▶ What is required: Nothing but the lines holding the string "schwarz" should appear in the answer. Copy them from the entries.

▶ Input data:
============

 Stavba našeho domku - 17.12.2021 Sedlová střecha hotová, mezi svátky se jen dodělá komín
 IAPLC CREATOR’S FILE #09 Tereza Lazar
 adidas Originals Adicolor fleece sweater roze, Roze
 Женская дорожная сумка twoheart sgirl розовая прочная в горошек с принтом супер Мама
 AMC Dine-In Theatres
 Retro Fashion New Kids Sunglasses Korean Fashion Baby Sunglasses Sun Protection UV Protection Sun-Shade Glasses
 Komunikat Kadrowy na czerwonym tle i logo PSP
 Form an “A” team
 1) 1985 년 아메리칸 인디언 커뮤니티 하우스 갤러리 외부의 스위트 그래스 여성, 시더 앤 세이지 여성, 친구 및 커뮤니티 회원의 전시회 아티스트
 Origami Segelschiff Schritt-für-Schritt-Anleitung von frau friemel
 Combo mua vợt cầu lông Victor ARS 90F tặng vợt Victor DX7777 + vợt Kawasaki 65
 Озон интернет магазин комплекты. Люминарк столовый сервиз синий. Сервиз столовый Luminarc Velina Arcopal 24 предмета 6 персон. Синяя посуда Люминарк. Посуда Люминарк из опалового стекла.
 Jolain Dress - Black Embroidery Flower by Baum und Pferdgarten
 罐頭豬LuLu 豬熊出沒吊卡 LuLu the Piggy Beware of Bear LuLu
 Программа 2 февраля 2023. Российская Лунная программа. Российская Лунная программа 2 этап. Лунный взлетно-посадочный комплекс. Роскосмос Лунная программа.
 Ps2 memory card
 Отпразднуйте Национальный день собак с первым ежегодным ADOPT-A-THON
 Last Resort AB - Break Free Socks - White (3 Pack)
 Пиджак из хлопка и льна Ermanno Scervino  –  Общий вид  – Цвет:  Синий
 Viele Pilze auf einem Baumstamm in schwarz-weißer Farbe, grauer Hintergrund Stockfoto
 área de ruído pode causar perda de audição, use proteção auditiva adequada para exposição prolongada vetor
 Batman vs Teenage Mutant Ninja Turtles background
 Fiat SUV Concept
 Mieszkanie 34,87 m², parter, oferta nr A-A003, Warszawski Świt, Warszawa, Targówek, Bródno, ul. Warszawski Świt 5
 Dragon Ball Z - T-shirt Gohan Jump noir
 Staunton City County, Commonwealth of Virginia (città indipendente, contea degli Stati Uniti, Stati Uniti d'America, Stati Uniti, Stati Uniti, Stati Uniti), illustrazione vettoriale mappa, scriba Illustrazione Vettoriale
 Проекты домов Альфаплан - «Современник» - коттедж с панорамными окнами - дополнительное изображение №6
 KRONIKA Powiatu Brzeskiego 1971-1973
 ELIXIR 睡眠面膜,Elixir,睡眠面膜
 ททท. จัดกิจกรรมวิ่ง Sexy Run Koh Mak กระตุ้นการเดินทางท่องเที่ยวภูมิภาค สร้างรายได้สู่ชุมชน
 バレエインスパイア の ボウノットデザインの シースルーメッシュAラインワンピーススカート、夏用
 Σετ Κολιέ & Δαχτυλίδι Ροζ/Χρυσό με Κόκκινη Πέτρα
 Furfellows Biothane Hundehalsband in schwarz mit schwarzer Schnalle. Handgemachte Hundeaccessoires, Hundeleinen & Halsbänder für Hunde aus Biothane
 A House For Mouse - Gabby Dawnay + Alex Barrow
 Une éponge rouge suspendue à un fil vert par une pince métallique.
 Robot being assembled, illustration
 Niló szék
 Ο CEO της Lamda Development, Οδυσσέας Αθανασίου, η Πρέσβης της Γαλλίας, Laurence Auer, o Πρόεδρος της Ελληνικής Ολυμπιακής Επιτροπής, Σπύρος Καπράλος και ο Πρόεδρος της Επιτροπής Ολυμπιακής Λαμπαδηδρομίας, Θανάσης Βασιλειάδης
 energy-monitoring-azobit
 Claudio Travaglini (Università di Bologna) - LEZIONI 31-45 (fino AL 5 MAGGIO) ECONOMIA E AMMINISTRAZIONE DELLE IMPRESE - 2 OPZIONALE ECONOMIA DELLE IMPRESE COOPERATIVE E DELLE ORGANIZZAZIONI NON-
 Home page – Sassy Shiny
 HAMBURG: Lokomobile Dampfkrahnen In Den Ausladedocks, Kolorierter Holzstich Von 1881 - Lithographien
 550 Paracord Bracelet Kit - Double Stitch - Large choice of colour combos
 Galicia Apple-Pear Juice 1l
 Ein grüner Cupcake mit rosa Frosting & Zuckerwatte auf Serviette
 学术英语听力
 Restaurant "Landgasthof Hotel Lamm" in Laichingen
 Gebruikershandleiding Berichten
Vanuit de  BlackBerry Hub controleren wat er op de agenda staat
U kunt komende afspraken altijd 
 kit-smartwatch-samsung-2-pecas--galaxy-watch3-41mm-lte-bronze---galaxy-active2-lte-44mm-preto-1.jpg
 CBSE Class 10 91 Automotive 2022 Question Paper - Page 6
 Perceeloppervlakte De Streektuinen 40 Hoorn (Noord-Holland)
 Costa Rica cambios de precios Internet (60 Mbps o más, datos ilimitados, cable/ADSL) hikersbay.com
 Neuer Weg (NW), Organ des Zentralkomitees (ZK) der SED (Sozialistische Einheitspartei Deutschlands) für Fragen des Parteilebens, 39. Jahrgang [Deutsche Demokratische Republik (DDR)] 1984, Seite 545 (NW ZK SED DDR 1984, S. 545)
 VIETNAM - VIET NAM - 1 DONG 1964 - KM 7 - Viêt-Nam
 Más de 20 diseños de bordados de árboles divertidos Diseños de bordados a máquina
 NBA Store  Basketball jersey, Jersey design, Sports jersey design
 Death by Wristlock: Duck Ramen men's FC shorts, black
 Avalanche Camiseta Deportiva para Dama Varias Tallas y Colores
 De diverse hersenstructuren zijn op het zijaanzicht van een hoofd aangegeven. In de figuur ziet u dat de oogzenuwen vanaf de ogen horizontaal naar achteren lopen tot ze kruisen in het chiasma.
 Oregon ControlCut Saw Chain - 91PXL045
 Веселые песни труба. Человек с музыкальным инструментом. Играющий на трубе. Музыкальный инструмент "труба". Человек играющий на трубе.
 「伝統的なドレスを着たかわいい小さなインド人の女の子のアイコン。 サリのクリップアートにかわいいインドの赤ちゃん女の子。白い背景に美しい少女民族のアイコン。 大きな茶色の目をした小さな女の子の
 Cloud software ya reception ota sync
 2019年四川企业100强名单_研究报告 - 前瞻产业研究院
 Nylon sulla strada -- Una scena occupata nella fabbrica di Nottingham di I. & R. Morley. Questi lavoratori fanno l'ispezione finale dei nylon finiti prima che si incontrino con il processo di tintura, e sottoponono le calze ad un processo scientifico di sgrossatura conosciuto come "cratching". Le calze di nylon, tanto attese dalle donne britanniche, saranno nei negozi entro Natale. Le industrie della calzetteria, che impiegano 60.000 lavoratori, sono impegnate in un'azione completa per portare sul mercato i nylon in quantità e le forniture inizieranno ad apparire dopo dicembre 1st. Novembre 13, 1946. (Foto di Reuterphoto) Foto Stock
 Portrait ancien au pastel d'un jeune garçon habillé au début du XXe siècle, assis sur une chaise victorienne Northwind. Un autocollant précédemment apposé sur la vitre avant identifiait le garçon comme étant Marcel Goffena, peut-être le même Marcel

============

▶ Finished exercise:
 Viele Pilze auf einem Baumstamm in schwarz-weißer Farbe, grauer Hintergrund Stockfoto
 Furfellows Biothane Hundehalsband in schwarz mit schwarzer Schnalle. Handgemachte Hundeaccessoires, Hundeleinen & Halsbänder für Hunde aus Biothane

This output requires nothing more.